Abstract:
Objective To observe the effects of chronic exposure to low-dose di (2-ethylhexyl) phthalate (DEHP) on glucose metabolism in female rats.
Methods Twenty-four female SPF SD rats were randomly divided into four groups0, 3, 30, and 300 mg/kg (in terms of body weight) DEHP groups, respectively, with six rats in each group, and exposed to DEHP by gavage for continuous 46 weeks. Fasting blood glucose of rats and body weight change were measured regularly. Twenty-four hours after the last exposure, rats' body weight was measured, and oral glucose tolerance test (OGTT) was conducted to estimate area under curve (AUC) of blood glucose over time. Insulin tolerance test (ITT) was also carried out. Then the rats were given chloral hydrate anesthesia and sacrificed to collect samples of heart apex, weigh liver, pancreas, gastrocnemius muscle, and white fat around genital organs, and to observe histopathological changes of the tissues after fixed in 10% neutral formalin (except muscle sample).

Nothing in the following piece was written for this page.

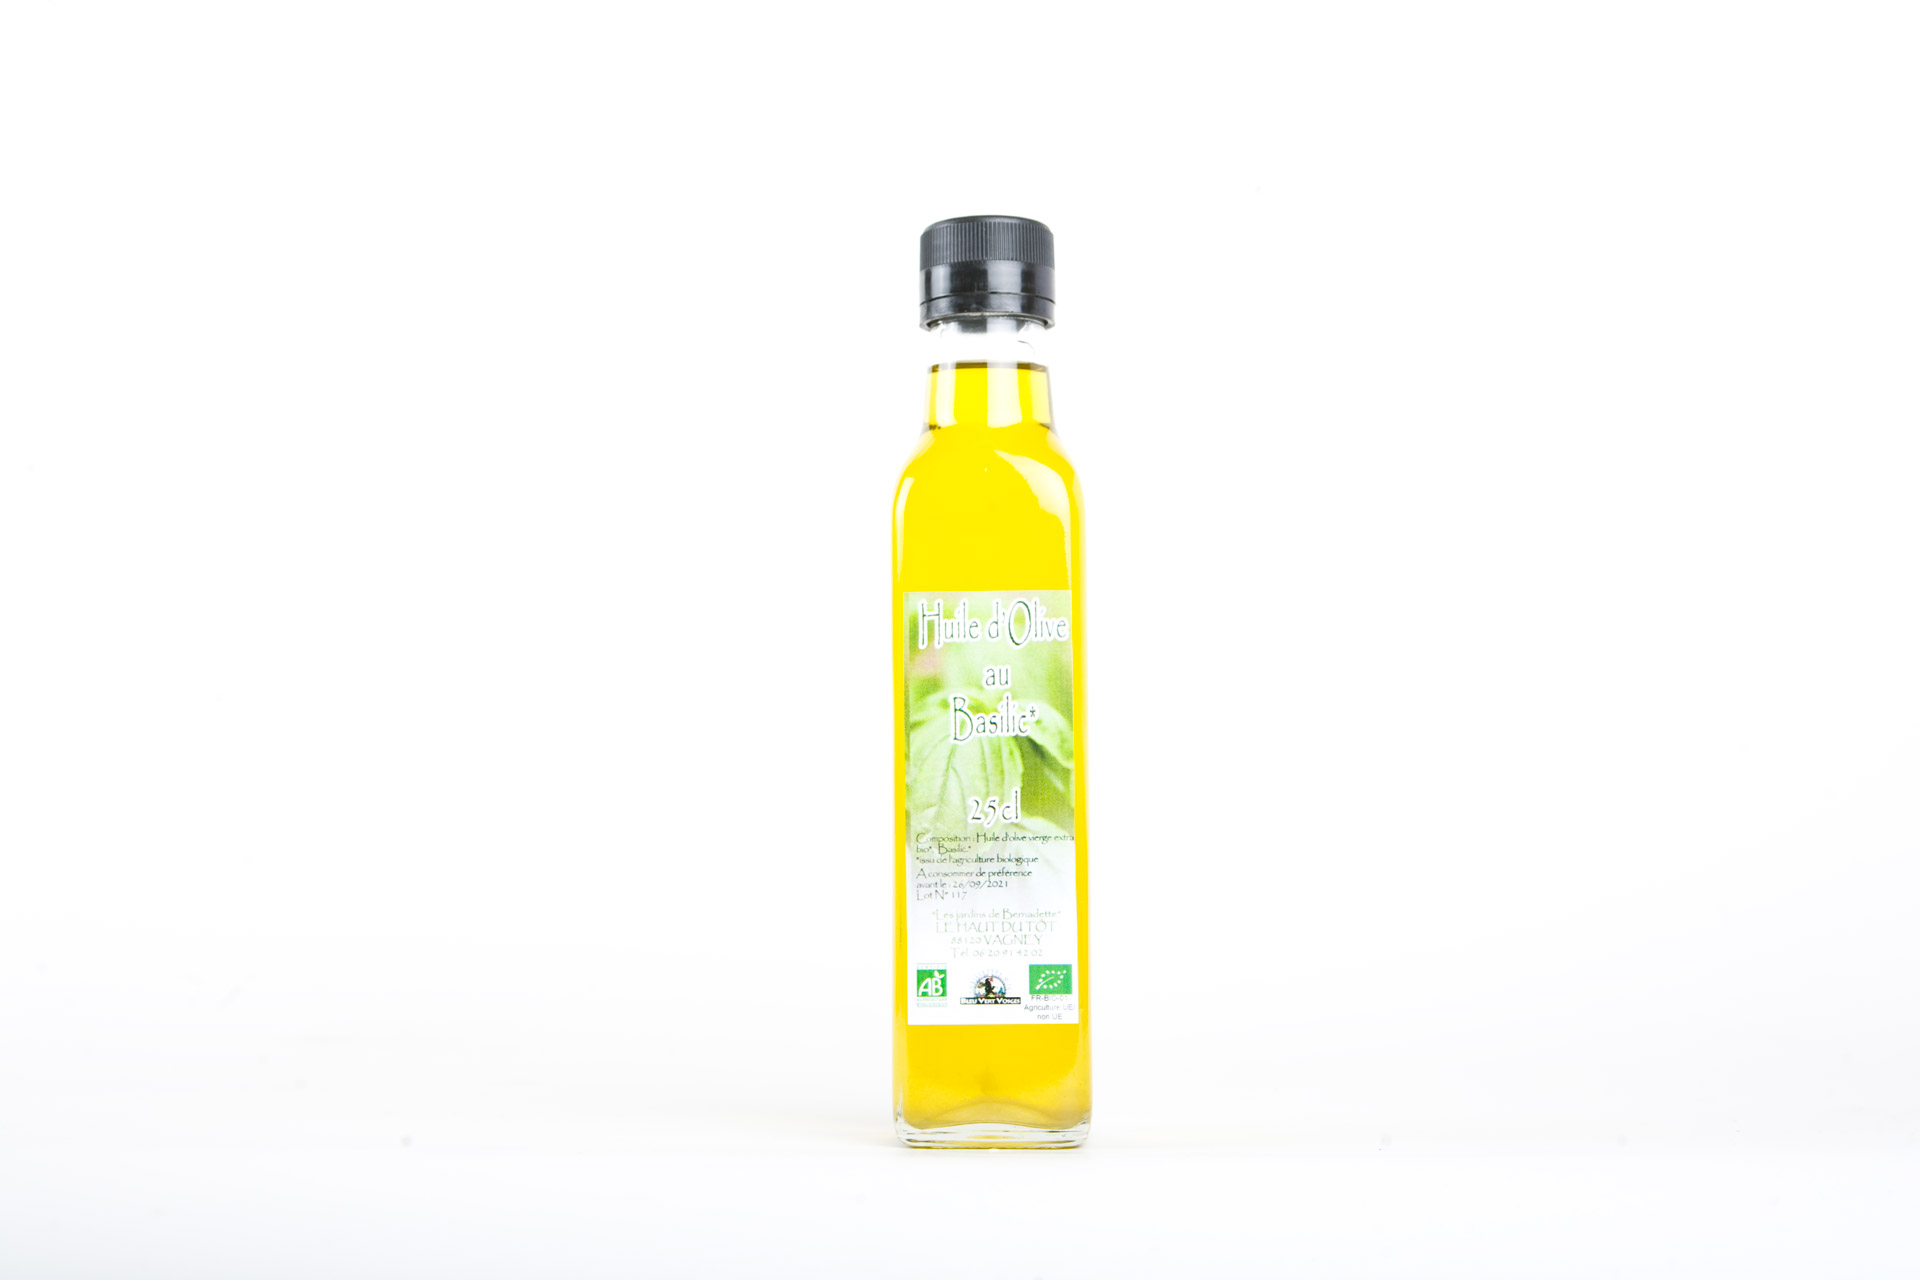 boutique huile d'olive : contenants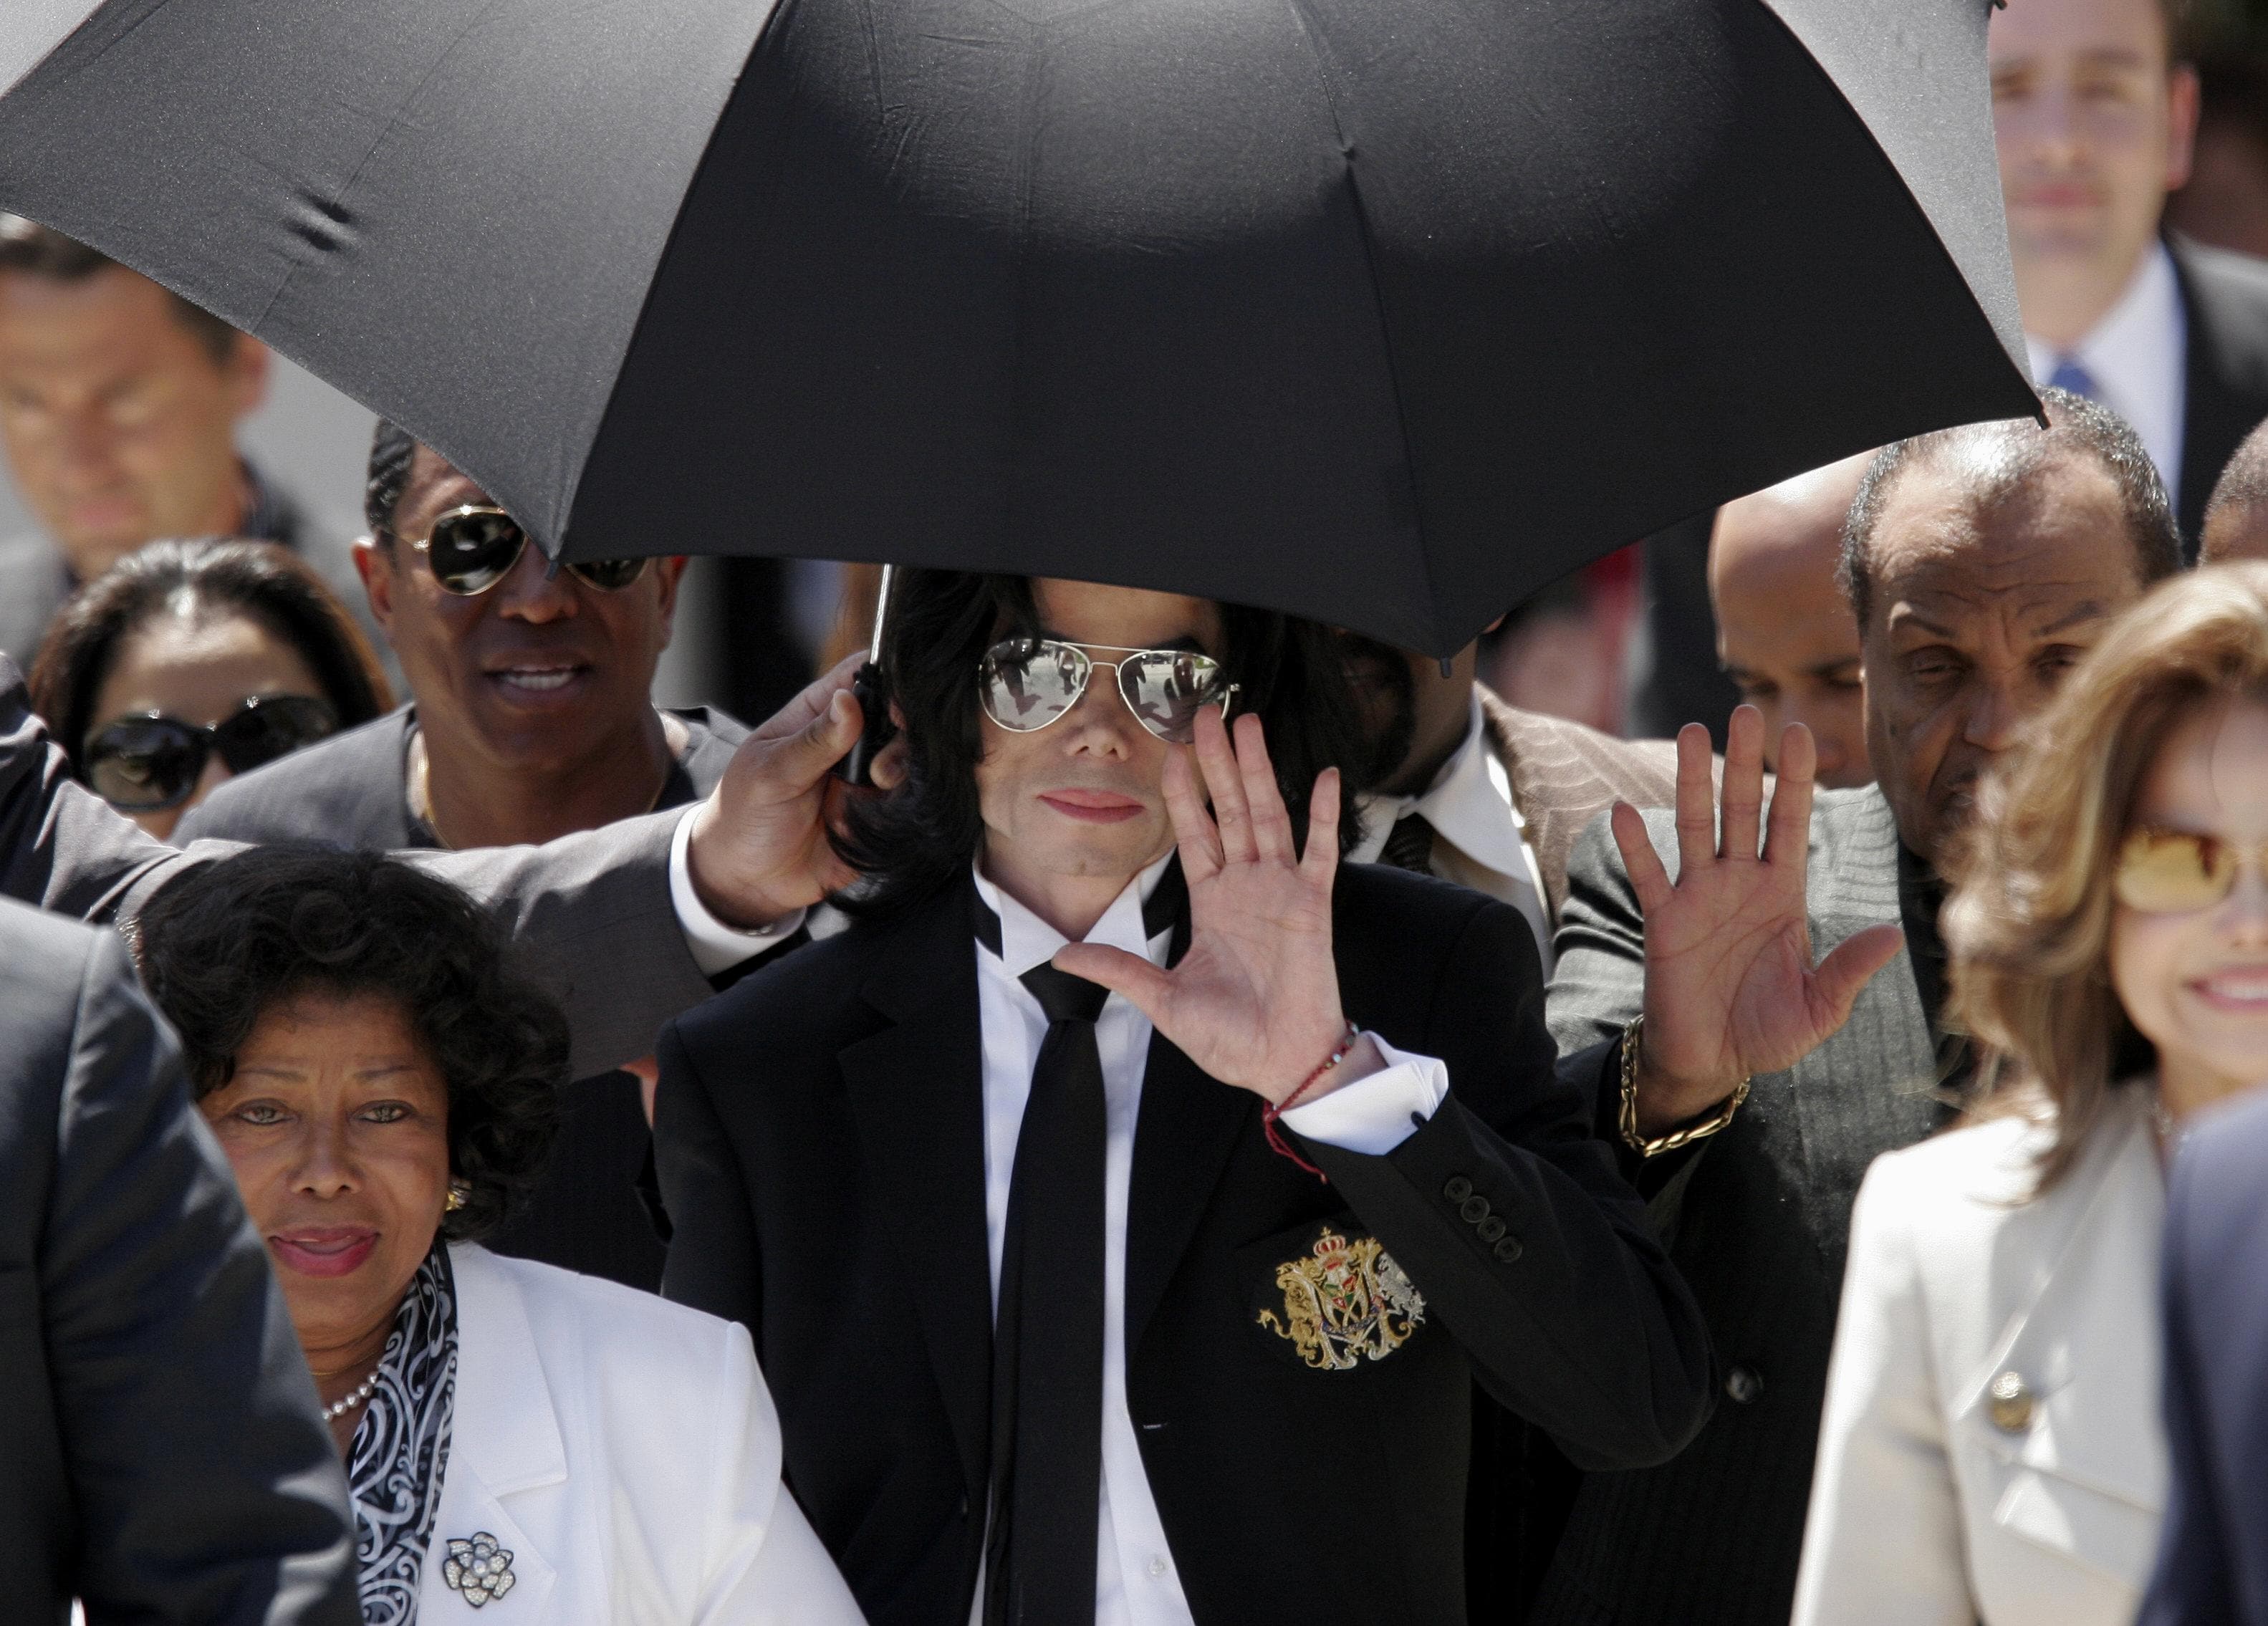 13 giugno 2005. Michael Jackson saluta i fan all'uscita dal tribunale di Santa Barbara, California. Accusato nel 2003 di aver molestato sessualmente due minori di 14 anni che aveva ospitato nella sua celebre villa ‘Neverland’, Jackson fu coinvolto in quello che i media americani definirono “il processo del secolo”. Dopo una vicenda durata due anni, ricca di scandali e clamorosi colpi di scena, la giuria decise all’unanimità di assolverlo da tutte le accuse. Le polemiche sono riemerse nel 2019 con l'uscita del documentario 'Leaving Neverland', diretto e prodotto dal regista britannico Dan Reed e incentrato sulla vita di due uomini, Wade Robson e James Safechuck, che raccontano di essere stati abusati sessualmente dal cantante

Results During the DEHP exposure, no obvious toxic effect was observed in any groups. Compared with the 0 mg/kg group, there was no significant difference in the body weight of the experimental groups (P > 0.05). The liver organ coefficients of the 300 mg/kg group was elevated (P < 0.05) and the other experimental groups showed no differences (P > 0.05) compared with the 0 mg/kg group. There were no significant differences in the organ coefficients of pancreas, white fat around genital, and gastrocnemius muscle among the experimental groups (P > 0.05). Compared with the 0 mg/kg group, elevated fasting blood glucose was observed in the 300 mg/kg group treated with DEHP for 18 weeks (P < 0.05), while there was no significant difference in the fasting blood glucose at different exposure time (P>0.05). The homeostasis model assessment of insulin resistance (HOMA-IR), insulin sensitivity index (ISI), and serum insulin levels showed no differences among all groups (P > 0.05). The OGTT results showed that, for the 300 mg/kg group, blood glucose reached peak value at 15 min after administration with glucose (P=0.004) then was significantly decreased at 60 min and 120 min after the administration (P=0.038, P=0.039), and the value at 120 min was lower than the fasting level; in addition, the blood glucose AUC was decreased (P=0.040). The ITT results showed that the blood glucose of the 30 mg/kg group at 15 min was significantly lower than that of the 0 mg/kg group (P=0.029); the blood glucose of the 300 mg/kg group was decreased more obviously with a reduction more than 50% at 60 min and 120 min (P=0.017, P=0.038), and returned to the fasting blood glucose value slowly; the blood glucose AUC of the 300 mg/kg group was also decreased (P=0.028). The liver cells of each DEHP exposure group showed edema, interstitial loose, and varied degrees of bile duct inflammation. Shrinkages in area of pancreatic islets and count of islet cells were observed in each DEHP group. The changes of white fat around genitalia of each DEHP group included shrunk cell morphology, different cell sizes, and irregular cell arrangement.
Conclusion Chronic exposure to low-dose DEHP can lead to insulin resistance in female rats.